Секунду Оскар колебался. Закричать во всеуслышание, что в лагере тиф? Но чего он этим добьется? Разве того, что его изобьют или пристрелят. Среди заключенных такое заболевание вызвало бы ненужную панику, а Копиц все равно будет гнуть свою линию. Нет, такая открытая демонстрация сейчас ни к чему. Оскар повернулся и пошел на свое место.
После ухода рабочих команд к Моллю произошло третье, самое знаменательное событие этого утра; произошло оно, разумеется, без свидетелей. Рапортфюрер поступил совершенно необычно: он вошел в лазарет, выставил оттуда всех врачей и оставил только Оскара.
— Ну, так как, старший врач? — усмехнулся он почти дружески.
Доктор Брада стоял навытяжку у стола, не зная, что ответить.
Рапортфюрер зажег погасшую трубку.
— Тебе, конечно, ясно, что я все знаю: сыпняк и так далее. Эрих сказал мне.
Оскар не шевелился.
— Не думай, что я отношусь к этому не серьезно. Я уже немало помыкался по лагерям, порядком устал и не хотел бы снова собирать пожитки. Уж лучше дослужу здесь. А впрочем, что говорить, ты ведь сам знаешь, что я всегда помогаю, как могу, лазарету и всем вам. Вспомни хотя бы историю с Янкелем: не приходило тебе в голову, что для тебя она могла бы кончиться виселицей? А кто спас лагерь от мести за Пауля? То-то! А ты вдруг выкидываешь черт знает какую глупость, пытаешься во всеуслышание заявить мне, что в лагере тиф. Писарь, возможно, сделал ошибку, что не взял тебя в комендатуру. Но он побоялся. Я не хотел разговаривать с тобой при нем, поэтому я не вызвал тебя сейчас в контору, а пришел к тебе сам. Здесь ты можешь высказаться откровенно.
— Вы все уже знаете. В лагере тиф. Посылать сейчас людей на внешние работы было бы… безответственно.
— Спокойно, спокойно! — Попыхивая трубочкой, Копиц сел на койку. — Я сегодня же позвоню в Дахау и попрошу СС-штурмбанфюрера Бланке, нашего окружного врача, приехать, поглядеть, в чем дело.
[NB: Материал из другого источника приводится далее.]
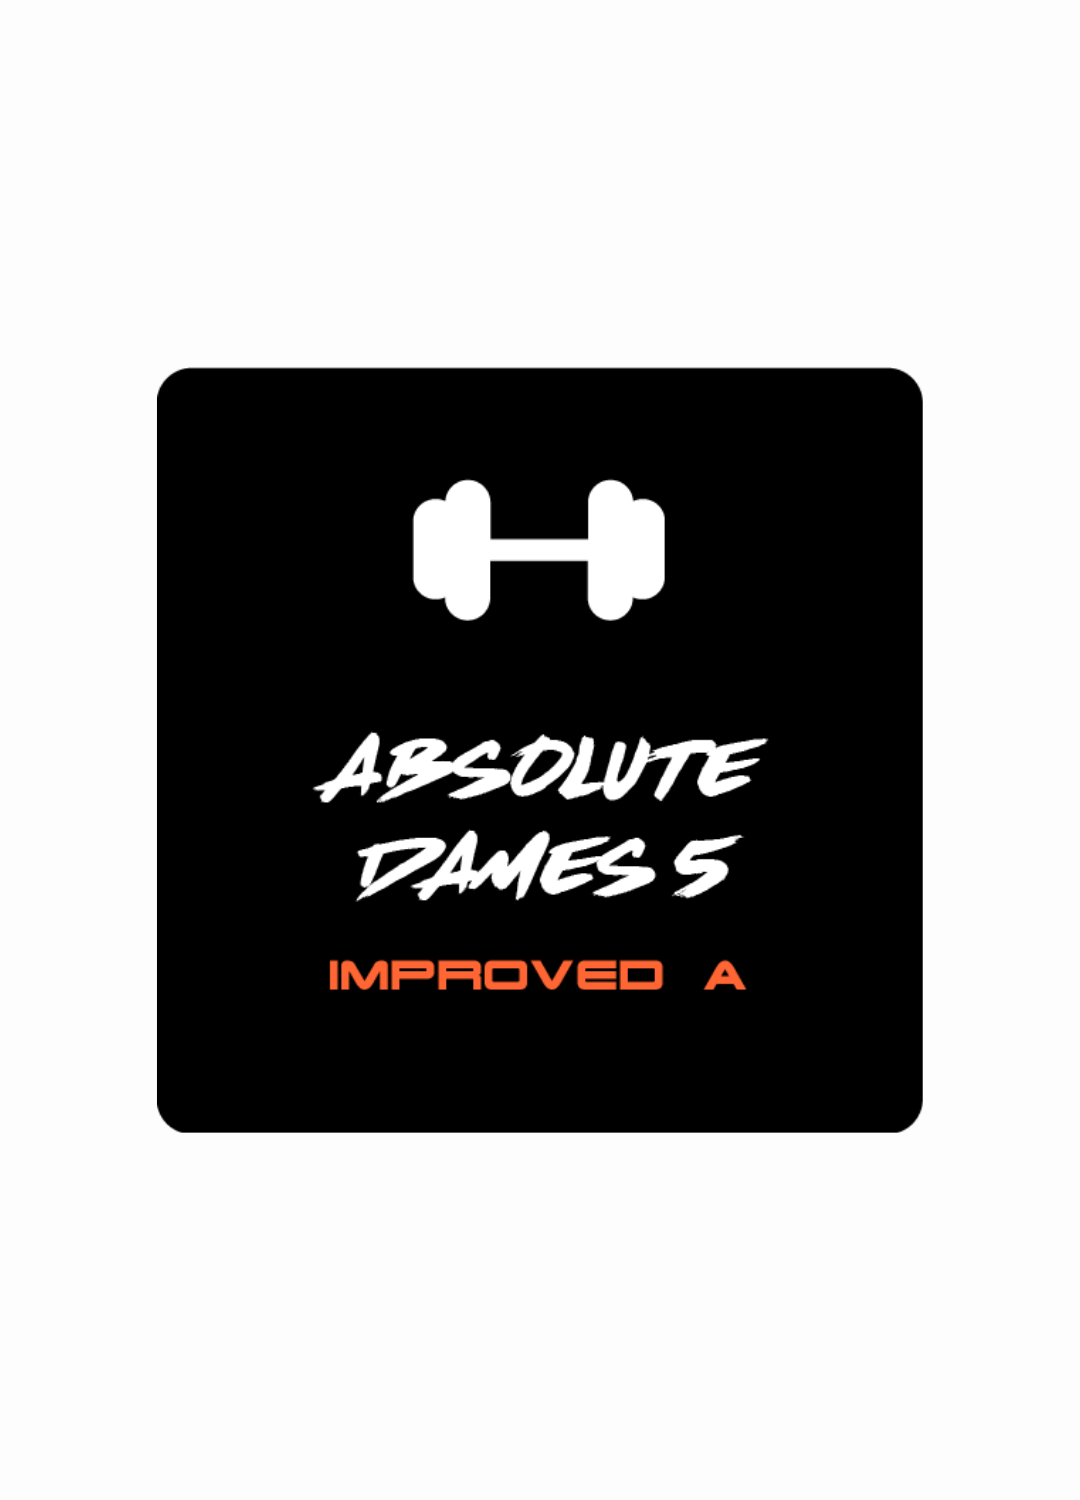 Dames 5 - Improved A (Training - Ebook)

Он ответственное лицо, а не я и, во всяком случае, не ты. Что еще?
Оскар был немного сбит с позиций.
— Вы в самом деле хотите доложить в Дахау? Почему же в таком случае вы были против того, что я пришел на апельплац с рапортом.
— Уж если еврей глуп, то глуп как пробка! — засмеялся Копиц. — Ты собирался доложить мне, что в лагере тиф. Но кто тебе сказал, что я намерен именно так информировать Бланке?
— Что же вы ему скажете?
— Об этом я и хочу с тобой посоветоваться. У нас есть больные с высокой температурой, не так ли?
— И вшивость. Все признаки тифа. Если герр Бланке врач, он без труда…
— Ага, вот видишь, у тебя уже прояснилось в голове. Если герр Бланке врач… А кто знает, хороший ли он врач? У тебя в Варшаве была большая практика с тифозными, ты-то разбираешься сразу. А есть такой опыт у Бланке?